The Blood is made from Tamiya Color Clear Red (X-27)
It's a gooey paint, mix in a TINY amount of black and you have gore! 

Cheers


----------



## TerranRaida (Jul 28, 2009)

that model is so good, +1 rep to you.


----------



## dlakertor (Mar 18, 2008)

Dezartfox said:


> The Blood is made from Tamiya Color Clear Red (X-27)
> It's a gooey paint, mix in a TINY amount of black and you have gore!

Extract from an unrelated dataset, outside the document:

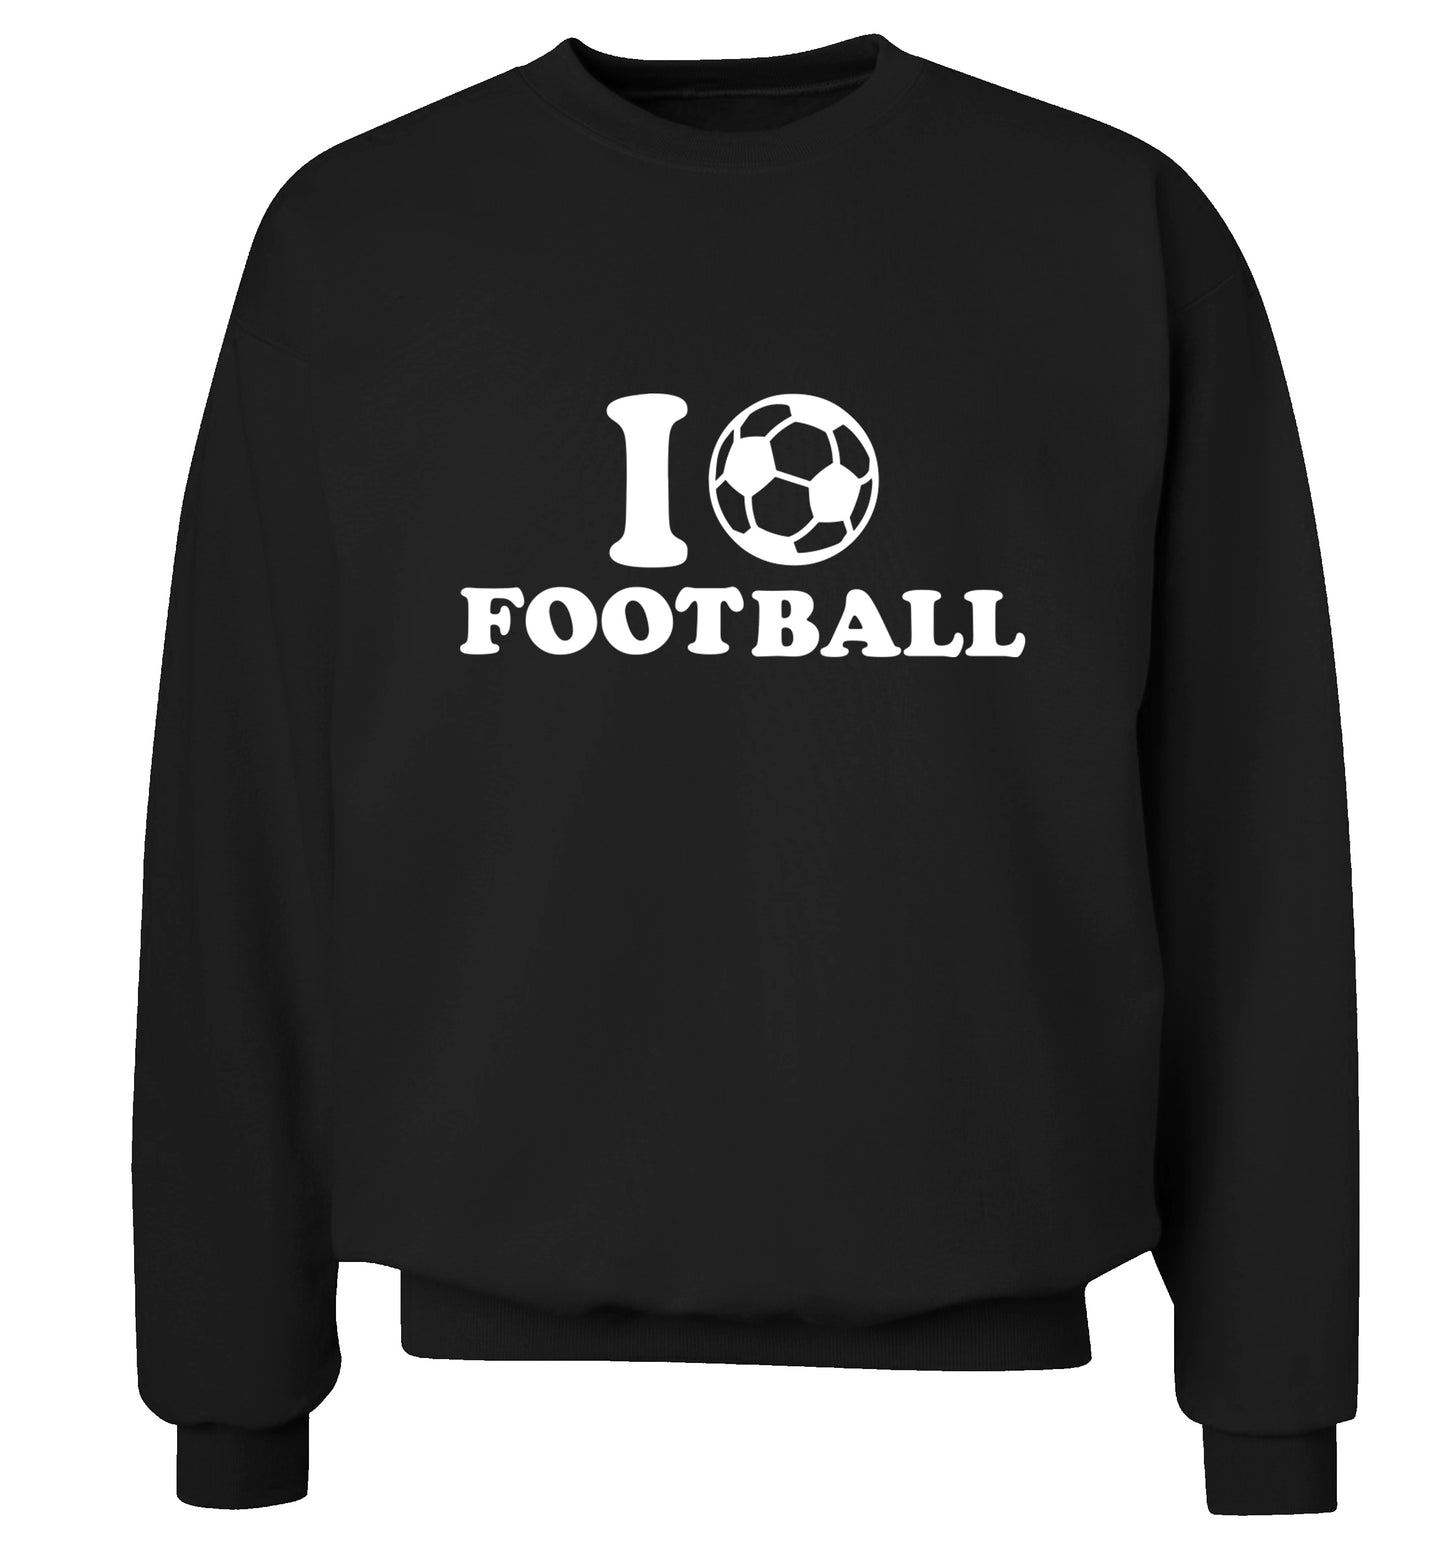 I love football Adult's unisexblack Sweater 2XL

Thanks mate, ill try and get hold of that paint to try it out  + 1 rep for the epic kharn :victory:

EDIT: apparantly ive already given you rep, silly me


----------



## Jaxx23 (Apr 20, 2009)

Definatly worth YOINKING this Idea....if thats cool


----------



## Dar'kir (Jul 11, 2009)

i like the work thus far. + rep for sure! u said u made a tutorial? im gonna have to check that out. good luck with the rest of the project.


----------



## maxvon_d (Jun 10, 2009)

That Rhino is ace. Really nice weathering


----------



## papa nurgle (Jan 11, 2010)

that vindicator is amazing! really well done


----------



## Pirate Metal Troy (Jun 2, 2008)

papa nurgle said:


> that vindicator is amazing! really well done


It's actually a rhino with a dozer blade from forgeworld. Coincidentally, that dozer blade probably cost as much as the rhino.


----------



## dthwish09 (Oct 15, 2009)

excellent work with the blood


----------



## Dullmohawk (Aug 2, 2008)

Best...Kharn....EVER! seriously, he makes my old Kharn look like a small, angry...baby, or something. Consider the idea properly yoinked.


----------



## TheReverend (Dec 2, 2007)

That's excellent work and I'm glad I got pointed in this direction for some 'bloody' inspiration 

+rep

Rev


----------



## CLT40k (Jun 18, 2010)

great modeling... love the blood... + rep


----------



## Midge913 (Oct 21, 2010)

WOW!!! thread necro!

All the same, some nice stuff going on here.


----------



## shaantitus (Aug 3, 2009)

I too am glad this thread came back from the dead. One of the most inspiring kharn conversions i have seen.


----------



## louisshli (Aug 19, 2010)

Dezartfox,

Great looking WE army... like most have already pointed out, the blood effect looks ace.... love how it's all wet and glossy.... +rep!


----------



## Skari (Dec 20, 2011)

Fantastic looking models. I love the gritty look that you have achieved!


----------